(Items listed in a dataset)
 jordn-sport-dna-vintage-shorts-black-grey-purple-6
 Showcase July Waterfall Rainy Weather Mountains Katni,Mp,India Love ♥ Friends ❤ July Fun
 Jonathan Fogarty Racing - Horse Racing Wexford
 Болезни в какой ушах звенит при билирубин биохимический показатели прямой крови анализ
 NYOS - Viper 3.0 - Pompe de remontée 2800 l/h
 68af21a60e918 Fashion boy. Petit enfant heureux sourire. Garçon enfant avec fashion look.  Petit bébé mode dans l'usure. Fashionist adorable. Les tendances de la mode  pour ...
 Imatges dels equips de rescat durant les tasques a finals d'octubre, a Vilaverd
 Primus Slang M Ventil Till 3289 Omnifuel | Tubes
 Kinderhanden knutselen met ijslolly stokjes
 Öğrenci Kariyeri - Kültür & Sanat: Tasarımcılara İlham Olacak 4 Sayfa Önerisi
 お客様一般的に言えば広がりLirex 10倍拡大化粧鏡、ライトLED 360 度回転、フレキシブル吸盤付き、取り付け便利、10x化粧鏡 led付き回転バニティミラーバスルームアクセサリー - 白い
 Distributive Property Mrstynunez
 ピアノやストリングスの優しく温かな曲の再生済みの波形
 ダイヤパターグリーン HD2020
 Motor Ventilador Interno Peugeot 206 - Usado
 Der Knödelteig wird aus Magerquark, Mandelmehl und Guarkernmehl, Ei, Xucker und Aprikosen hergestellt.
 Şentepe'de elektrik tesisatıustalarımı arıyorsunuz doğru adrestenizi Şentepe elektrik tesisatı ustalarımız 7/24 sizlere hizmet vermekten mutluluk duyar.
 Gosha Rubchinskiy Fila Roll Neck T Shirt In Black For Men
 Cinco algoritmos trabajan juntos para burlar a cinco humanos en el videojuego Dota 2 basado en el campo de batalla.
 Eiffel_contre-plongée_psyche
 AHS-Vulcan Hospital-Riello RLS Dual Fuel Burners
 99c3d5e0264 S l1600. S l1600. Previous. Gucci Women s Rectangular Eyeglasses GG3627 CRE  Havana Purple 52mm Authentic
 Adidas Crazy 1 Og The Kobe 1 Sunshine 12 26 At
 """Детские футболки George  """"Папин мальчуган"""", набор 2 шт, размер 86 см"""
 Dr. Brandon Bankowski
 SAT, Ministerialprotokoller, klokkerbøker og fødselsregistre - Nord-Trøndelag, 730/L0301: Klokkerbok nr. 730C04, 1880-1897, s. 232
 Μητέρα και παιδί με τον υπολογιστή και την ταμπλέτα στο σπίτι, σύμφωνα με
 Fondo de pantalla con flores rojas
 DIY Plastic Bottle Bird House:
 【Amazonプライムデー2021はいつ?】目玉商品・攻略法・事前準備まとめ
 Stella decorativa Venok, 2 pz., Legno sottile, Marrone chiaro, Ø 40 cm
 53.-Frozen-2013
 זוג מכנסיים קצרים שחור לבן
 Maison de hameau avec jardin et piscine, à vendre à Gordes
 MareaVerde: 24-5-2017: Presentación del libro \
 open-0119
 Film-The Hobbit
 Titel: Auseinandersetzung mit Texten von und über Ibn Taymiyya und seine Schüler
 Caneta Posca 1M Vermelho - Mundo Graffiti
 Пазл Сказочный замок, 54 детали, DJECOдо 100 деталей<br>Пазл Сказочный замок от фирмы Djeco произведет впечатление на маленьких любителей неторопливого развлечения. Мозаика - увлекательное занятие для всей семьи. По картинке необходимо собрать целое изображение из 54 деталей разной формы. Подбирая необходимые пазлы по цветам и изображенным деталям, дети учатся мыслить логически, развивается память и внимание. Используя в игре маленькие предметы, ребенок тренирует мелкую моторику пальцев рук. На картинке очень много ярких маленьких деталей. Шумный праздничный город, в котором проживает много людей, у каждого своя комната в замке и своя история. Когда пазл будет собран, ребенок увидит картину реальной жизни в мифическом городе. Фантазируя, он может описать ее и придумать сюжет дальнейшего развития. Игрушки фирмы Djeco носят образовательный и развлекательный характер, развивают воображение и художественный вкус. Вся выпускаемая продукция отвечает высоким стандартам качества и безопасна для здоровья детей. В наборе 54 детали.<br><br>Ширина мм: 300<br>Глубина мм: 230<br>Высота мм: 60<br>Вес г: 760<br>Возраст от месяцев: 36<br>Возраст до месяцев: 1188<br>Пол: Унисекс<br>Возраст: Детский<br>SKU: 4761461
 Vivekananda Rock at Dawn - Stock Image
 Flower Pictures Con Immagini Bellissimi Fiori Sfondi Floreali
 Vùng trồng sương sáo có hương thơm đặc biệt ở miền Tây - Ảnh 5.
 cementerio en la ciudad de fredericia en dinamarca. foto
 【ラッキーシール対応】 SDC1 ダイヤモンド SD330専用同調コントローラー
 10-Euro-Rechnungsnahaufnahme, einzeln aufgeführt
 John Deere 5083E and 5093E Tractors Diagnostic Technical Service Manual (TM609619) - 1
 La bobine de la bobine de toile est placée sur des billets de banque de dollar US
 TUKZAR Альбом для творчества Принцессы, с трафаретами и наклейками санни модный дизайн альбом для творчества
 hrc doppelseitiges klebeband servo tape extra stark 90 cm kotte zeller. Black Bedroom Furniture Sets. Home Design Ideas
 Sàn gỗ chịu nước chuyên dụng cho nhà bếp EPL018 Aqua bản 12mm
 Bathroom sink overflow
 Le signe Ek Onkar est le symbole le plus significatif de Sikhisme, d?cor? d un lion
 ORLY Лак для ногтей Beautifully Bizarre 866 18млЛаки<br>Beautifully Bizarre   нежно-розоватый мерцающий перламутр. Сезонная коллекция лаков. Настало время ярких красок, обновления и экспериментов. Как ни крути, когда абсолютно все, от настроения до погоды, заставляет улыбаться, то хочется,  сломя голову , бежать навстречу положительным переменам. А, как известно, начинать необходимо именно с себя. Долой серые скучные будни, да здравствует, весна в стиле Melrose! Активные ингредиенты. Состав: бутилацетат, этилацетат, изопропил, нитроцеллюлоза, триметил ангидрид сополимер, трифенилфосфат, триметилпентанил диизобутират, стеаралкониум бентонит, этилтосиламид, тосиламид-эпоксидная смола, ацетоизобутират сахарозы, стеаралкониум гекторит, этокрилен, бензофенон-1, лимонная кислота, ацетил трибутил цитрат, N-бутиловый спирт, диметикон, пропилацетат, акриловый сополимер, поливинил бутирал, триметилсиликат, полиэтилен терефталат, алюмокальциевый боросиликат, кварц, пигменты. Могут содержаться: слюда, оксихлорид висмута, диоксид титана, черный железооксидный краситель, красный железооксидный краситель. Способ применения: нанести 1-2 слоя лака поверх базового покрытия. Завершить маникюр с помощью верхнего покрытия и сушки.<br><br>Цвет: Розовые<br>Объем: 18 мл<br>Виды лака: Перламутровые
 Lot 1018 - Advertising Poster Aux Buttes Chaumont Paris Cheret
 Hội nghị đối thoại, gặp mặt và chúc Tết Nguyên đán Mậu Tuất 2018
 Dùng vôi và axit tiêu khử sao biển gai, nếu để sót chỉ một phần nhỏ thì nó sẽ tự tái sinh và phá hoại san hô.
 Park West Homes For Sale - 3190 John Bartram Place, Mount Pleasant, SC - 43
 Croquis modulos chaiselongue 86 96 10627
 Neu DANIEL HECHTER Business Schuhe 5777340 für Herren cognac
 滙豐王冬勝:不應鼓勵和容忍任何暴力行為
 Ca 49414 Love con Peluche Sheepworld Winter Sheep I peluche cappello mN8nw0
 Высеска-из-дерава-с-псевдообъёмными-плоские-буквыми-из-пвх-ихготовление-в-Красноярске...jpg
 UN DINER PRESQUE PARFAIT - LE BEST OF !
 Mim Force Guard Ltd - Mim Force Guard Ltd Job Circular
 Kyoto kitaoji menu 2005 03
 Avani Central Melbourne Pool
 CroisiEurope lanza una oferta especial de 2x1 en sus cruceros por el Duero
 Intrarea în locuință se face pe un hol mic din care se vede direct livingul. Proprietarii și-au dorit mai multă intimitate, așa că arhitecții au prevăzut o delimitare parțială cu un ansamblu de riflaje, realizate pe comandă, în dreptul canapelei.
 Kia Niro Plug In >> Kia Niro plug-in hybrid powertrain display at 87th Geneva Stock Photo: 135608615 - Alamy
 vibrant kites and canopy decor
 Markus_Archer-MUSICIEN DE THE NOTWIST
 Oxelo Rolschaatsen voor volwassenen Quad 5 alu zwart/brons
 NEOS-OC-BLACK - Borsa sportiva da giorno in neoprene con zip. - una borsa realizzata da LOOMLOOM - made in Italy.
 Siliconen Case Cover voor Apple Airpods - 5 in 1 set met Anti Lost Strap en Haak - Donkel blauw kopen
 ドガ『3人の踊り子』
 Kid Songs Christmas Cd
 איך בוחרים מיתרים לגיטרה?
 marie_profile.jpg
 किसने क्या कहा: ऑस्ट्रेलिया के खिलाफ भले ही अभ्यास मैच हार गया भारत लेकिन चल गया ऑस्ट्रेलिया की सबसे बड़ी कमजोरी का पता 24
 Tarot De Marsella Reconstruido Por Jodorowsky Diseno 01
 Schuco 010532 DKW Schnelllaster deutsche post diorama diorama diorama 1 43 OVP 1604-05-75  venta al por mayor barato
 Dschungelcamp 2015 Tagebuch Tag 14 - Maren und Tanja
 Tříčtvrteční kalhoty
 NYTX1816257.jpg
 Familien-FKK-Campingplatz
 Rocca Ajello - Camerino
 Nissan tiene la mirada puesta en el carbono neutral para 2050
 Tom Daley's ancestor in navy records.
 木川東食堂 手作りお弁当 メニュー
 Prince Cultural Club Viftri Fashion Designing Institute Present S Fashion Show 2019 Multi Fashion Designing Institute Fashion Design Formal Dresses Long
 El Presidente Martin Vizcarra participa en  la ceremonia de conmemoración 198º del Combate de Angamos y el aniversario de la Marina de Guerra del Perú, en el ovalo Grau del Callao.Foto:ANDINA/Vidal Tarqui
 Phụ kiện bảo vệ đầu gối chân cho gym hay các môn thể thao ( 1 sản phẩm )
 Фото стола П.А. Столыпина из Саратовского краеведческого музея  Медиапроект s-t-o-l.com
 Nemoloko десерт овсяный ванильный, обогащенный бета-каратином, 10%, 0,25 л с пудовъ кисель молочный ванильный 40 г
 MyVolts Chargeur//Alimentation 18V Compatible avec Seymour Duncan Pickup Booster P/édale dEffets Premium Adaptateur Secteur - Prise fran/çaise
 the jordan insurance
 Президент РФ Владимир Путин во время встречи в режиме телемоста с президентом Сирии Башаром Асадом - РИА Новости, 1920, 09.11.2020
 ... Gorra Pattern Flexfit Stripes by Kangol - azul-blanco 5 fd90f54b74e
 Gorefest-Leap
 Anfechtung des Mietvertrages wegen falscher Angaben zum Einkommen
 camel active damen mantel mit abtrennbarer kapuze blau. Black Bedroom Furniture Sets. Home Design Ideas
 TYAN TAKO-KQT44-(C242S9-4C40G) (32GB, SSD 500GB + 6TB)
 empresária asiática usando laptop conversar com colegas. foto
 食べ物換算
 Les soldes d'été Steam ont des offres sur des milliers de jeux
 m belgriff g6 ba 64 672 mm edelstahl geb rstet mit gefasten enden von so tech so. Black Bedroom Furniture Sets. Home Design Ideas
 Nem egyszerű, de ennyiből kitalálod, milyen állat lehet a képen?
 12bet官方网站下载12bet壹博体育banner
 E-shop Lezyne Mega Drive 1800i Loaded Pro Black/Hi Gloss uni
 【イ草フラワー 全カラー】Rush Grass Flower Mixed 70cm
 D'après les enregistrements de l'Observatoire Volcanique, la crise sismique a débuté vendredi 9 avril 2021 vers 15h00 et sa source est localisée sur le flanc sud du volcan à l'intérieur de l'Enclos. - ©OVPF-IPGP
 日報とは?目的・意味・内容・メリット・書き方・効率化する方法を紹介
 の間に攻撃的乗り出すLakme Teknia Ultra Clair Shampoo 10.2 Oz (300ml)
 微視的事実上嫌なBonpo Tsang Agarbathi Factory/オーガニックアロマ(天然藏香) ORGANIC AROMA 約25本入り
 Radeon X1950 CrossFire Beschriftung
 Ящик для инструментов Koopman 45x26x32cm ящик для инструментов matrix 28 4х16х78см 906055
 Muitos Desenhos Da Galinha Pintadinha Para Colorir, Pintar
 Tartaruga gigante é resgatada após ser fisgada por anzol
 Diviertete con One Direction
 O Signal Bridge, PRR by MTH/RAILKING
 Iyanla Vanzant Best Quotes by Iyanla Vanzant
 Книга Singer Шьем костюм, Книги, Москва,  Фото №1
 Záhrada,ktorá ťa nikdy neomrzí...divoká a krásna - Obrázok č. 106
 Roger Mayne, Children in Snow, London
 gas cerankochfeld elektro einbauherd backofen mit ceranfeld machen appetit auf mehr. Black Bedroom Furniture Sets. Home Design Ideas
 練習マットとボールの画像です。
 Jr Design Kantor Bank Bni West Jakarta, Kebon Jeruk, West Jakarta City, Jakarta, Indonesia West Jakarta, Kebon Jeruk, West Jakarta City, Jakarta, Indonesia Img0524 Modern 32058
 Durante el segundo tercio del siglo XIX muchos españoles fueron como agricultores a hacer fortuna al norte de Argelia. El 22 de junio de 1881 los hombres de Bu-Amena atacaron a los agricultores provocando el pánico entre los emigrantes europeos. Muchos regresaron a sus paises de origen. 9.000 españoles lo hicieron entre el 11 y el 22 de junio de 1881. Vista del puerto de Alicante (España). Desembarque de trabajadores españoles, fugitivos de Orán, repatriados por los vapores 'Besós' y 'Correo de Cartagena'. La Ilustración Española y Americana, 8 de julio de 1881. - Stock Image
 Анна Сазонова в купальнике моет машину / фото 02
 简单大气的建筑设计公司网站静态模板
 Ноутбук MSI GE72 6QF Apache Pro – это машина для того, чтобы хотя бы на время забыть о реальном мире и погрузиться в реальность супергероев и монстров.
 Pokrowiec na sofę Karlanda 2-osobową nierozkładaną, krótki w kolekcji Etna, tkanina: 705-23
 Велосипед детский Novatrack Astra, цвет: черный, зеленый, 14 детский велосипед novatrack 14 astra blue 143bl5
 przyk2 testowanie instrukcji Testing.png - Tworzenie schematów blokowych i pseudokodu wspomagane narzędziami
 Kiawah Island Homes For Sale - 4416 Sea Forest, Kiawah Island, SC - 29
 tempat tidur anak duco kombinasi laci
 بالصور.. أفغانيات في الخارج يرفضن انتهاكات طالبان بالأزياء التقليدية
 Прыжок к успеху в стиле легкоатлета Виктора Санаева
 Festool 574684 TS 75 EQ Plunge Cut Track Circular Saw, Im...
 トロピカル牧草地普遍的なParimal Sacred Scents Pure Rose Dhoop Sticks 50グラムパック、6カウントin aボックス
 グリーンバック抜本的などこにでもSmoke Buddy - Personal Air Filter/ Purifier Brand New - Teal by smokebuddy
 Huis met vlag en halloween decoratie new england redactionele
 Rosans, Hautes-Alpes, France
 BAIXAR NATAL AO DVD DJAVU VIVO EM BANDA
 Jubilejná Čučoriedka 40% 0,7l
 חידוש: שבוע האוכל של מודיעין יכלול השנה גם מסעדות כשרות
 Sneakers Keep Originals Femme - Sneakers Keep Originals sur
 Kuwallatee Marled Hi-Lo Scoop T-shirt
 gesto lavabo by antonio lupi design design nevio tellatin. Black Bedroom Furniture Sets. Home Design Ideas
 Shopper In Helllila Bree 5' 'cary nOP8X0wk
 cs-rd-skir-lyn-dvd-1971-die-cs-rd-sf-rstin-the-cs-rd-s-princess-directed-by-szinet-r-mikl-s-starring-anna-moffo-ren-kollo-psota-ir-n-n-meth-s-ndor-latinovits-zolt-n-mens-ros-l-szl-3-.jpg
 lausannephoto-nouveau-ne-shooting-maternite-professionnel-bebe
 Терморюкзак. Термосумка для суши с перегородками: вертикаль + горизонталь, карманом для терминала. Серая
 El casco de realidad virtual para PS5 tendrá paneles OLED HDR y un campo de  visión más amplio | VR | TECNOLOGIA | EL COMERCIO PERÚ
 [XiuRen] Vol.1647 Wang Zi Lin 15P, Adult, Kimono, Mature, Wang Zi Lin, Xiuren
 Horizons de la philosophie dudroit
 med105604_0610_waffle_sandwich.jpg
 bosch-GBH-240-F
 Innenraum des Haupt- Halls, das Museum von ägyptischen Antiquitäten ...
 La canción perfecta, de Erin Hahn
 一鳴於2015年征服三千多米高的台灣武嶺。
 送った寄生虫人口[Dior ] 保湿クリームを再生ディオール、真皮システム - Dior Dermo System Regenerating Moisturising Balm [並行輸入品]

▶ [Task instructions]
Exactly reproduce the lines of the entries above, from the one containing "Sneakers Keep Originals Femme" to the very last, and no others.

▶ [Answer to the problem]
 Sneakers Keep Originals Femme - Sneakers Keep Originals sur
 Kuwallatee Marled Hi-Lo Scoop T-shirt
 gesto lavabo by antonio lupi design design nevio tellatin. Black Bedroom Furniture Sets. Home Design Ideas
 Shopper In Helllila Bree 5' 'cary nOP8X0wk
 cs-rd-skir-lyn-dvd-1971-die-cs-rd-sf-rstin-the-cs-rd-s-princess-directed-by-szinet-r-mikl-s-starring-anna-moffo-ren-kollo-psota-ir-n-n-meth-s-ndor-latinovits-zolt-n-mens-ros-l-szl-3-.jpg
 lausannephoto-nouveau-ne-shooting-maternite-professionnel-bebe
 Терморюкзак. Термосумка для суши с перегородками: вертикаль + горизонталь, карманом для терминала. Серая
 El casco de realidad virtual para PS5 tendrá paneles OLED HDR y un campo de  visión más amplio | VR | TECNOLOGIA | EL COMERCIO PERÚ
 [XiuRen] Vol.1647 Wang Zi Lin 15P, Adult, Kimono, Mature, Wang Zi Lin, Xiuren
 Horizons de la philosophie dudroit
 med105604_0610_waffle_sandwich.jpg
 bosch-GBH-240-F
 Innenraum des Haupt- Halls, das Museum von ägyptischen Antiquitäten ...
 La canción perfecta, de Erin Hahn
 一鳴於2015年征服三千多米高的台灣武嶺。
 送った寄生虫人口[Dior ] 保湿クリームを再生ディオール、真皮システム - Dior Dermo System Regenerating Moisturising Balm [並行輸入品]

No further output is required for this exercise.